From the aforementioned simulation studies we propose relevant inferences regarding the grid cell coding. In all the boundary manipulation cases, we could see notable changes in the grid cell code which in turn was reflected in its firing fields and the corresponding HGS score. This means that grid cell activity may be coding not only for the distance metric but also for global information regarding the environmental geometry. If this is the case, then given the grid field activity, it should be possible to classify the environment in which the animal navigates and we consider this as the future work. In addition, we might also include the responses of all the LAHN neurons rather than considering only the grid cells for this study.
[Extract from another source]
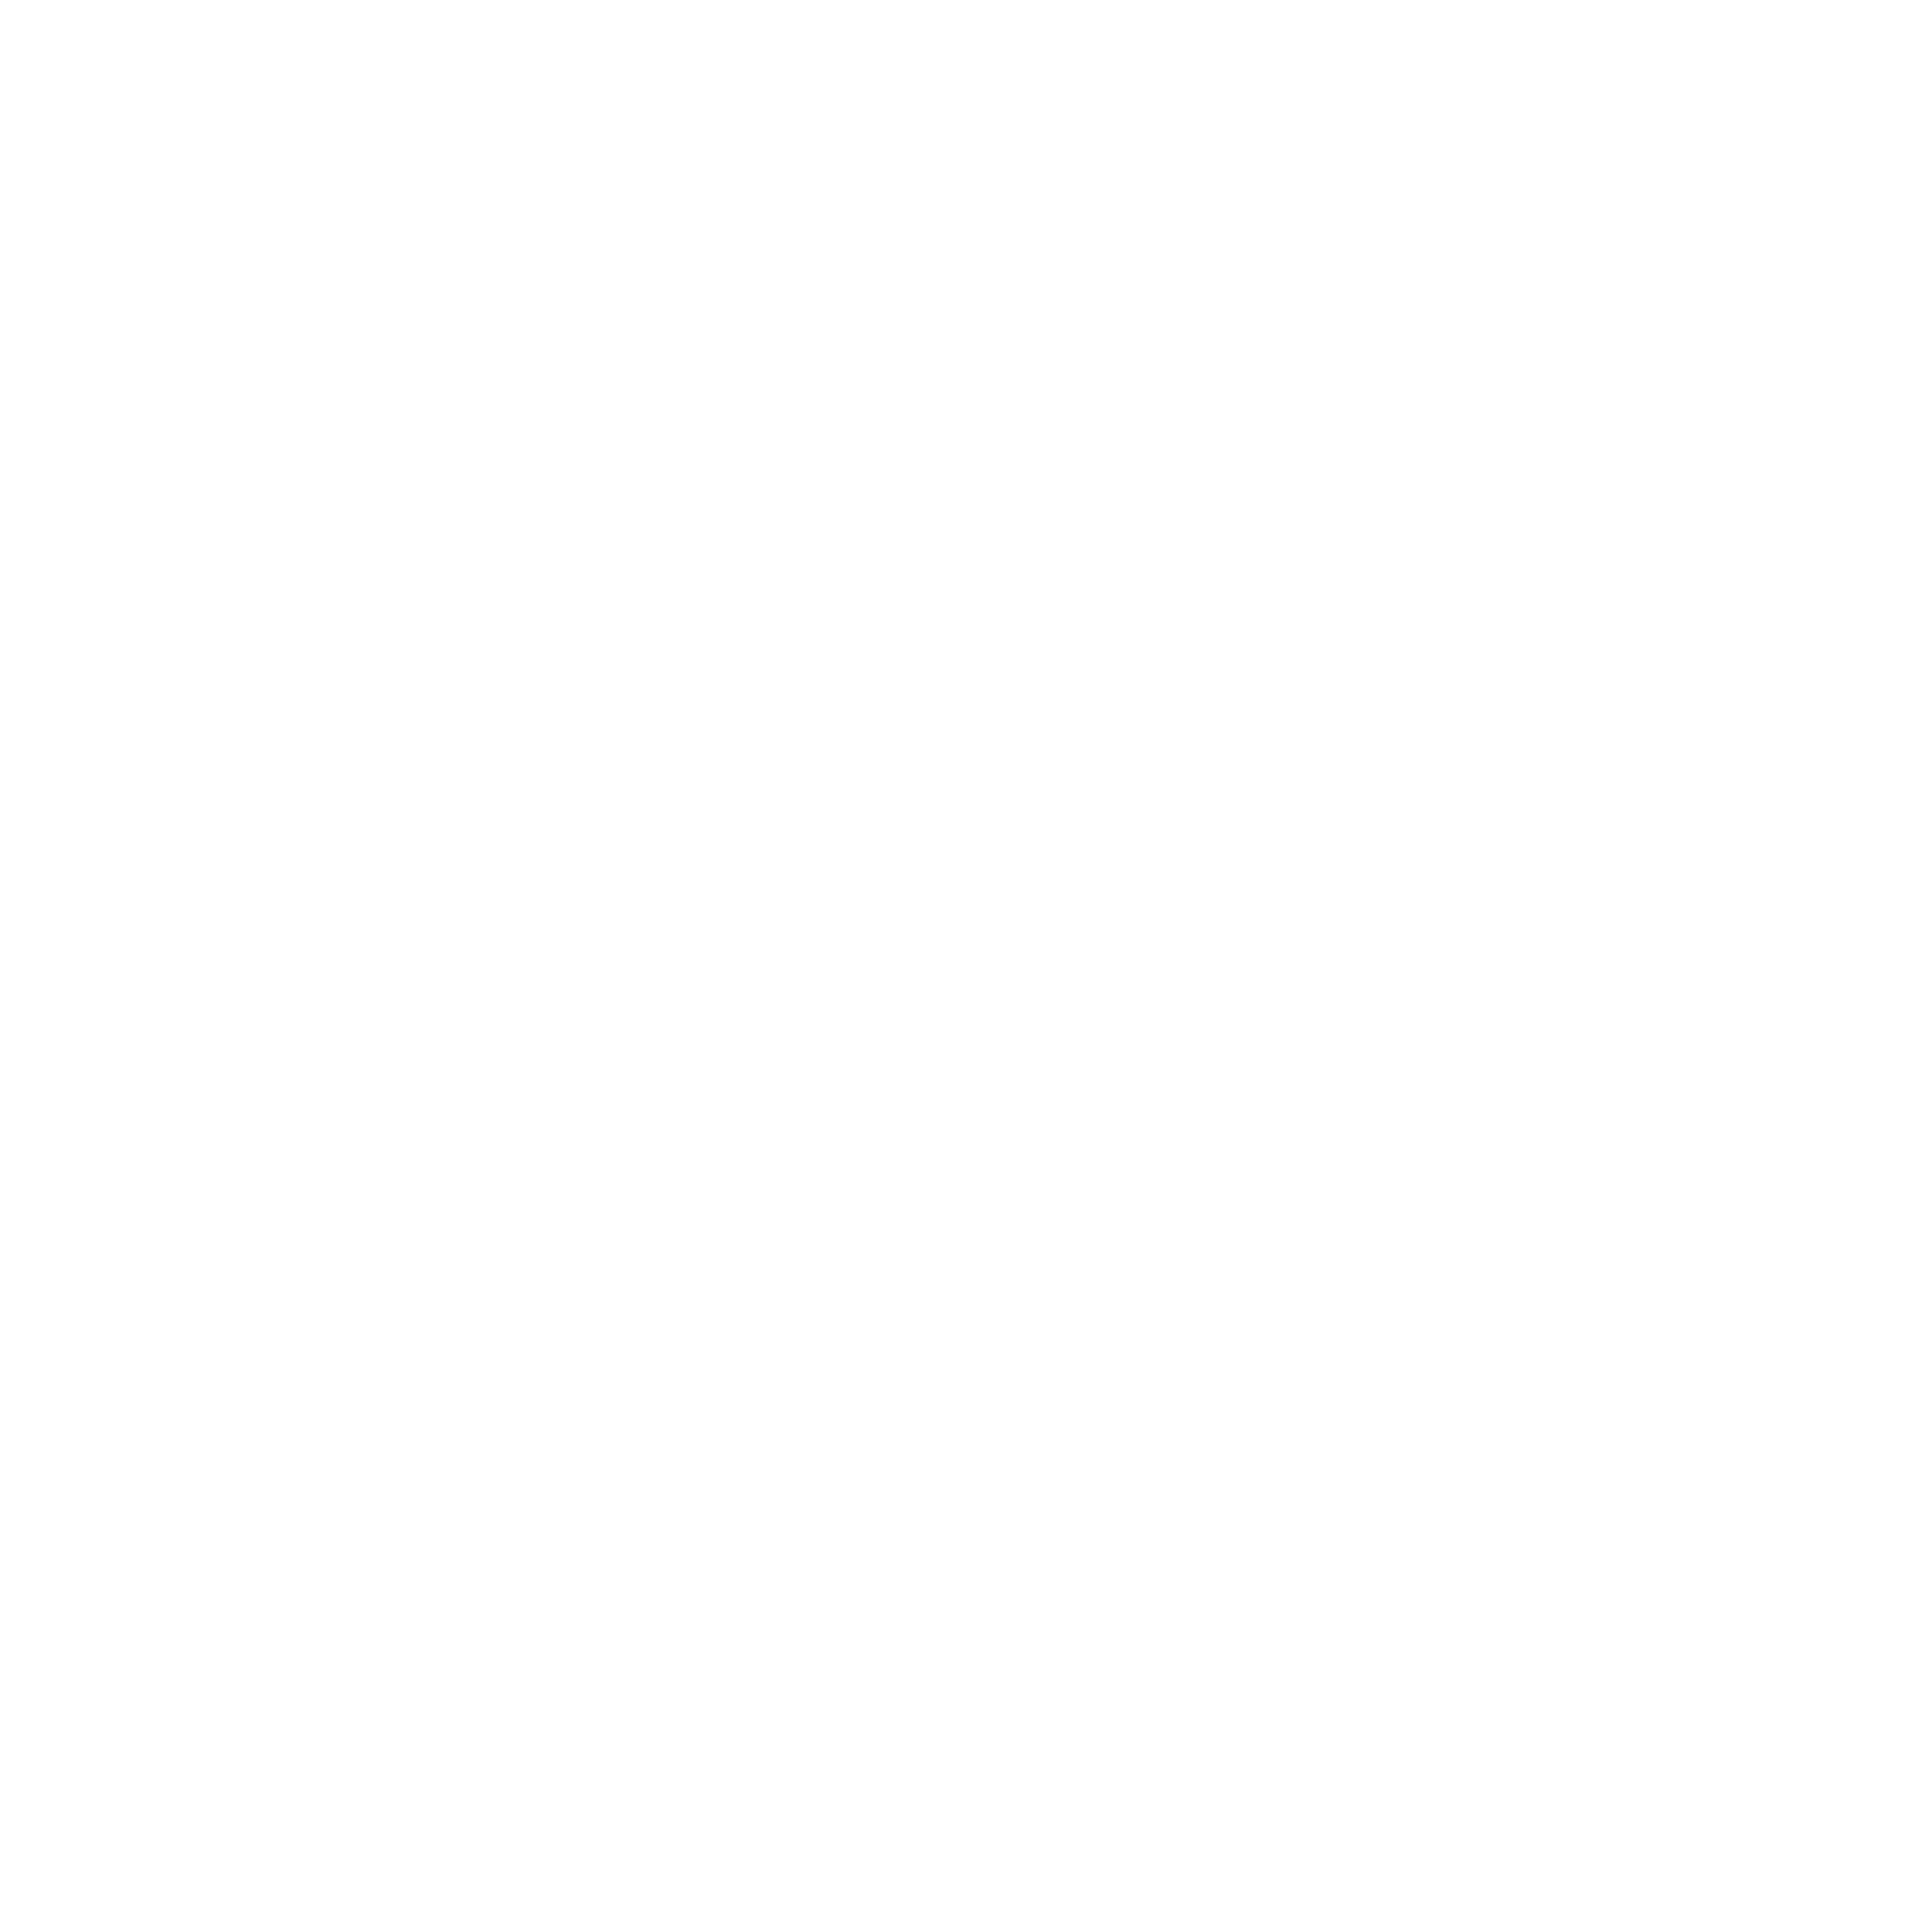 OPEL_LOGO-2

If the LAHN activity as a whole gives a better classification of the environment, then it may point to the possibility that the animal may be relying upon the MEC activity as a whole (which is LAHN in the model) to comprehend its space, with the grid cells telling only part of the story. There is also a need to develop a strong mathematical framework that explains the relationship between the observed spatial coding and the geometry of the environment. One possible source of such a theory is the theory of contour integration from complex analysis, which allows us to specify the values of an analytic function at points inside a contour, based on the values of the function on the contour(Brown 2009). The validity of this insight needs to be ascertained by developing a suitable theory. We would also like to analyze the activity of other LAHN spatial cells with respect to change in the environmental geometry as the future work. Hence the proposed modeling study gives a new dimension to the grid cell coding with a good number of testable predictions.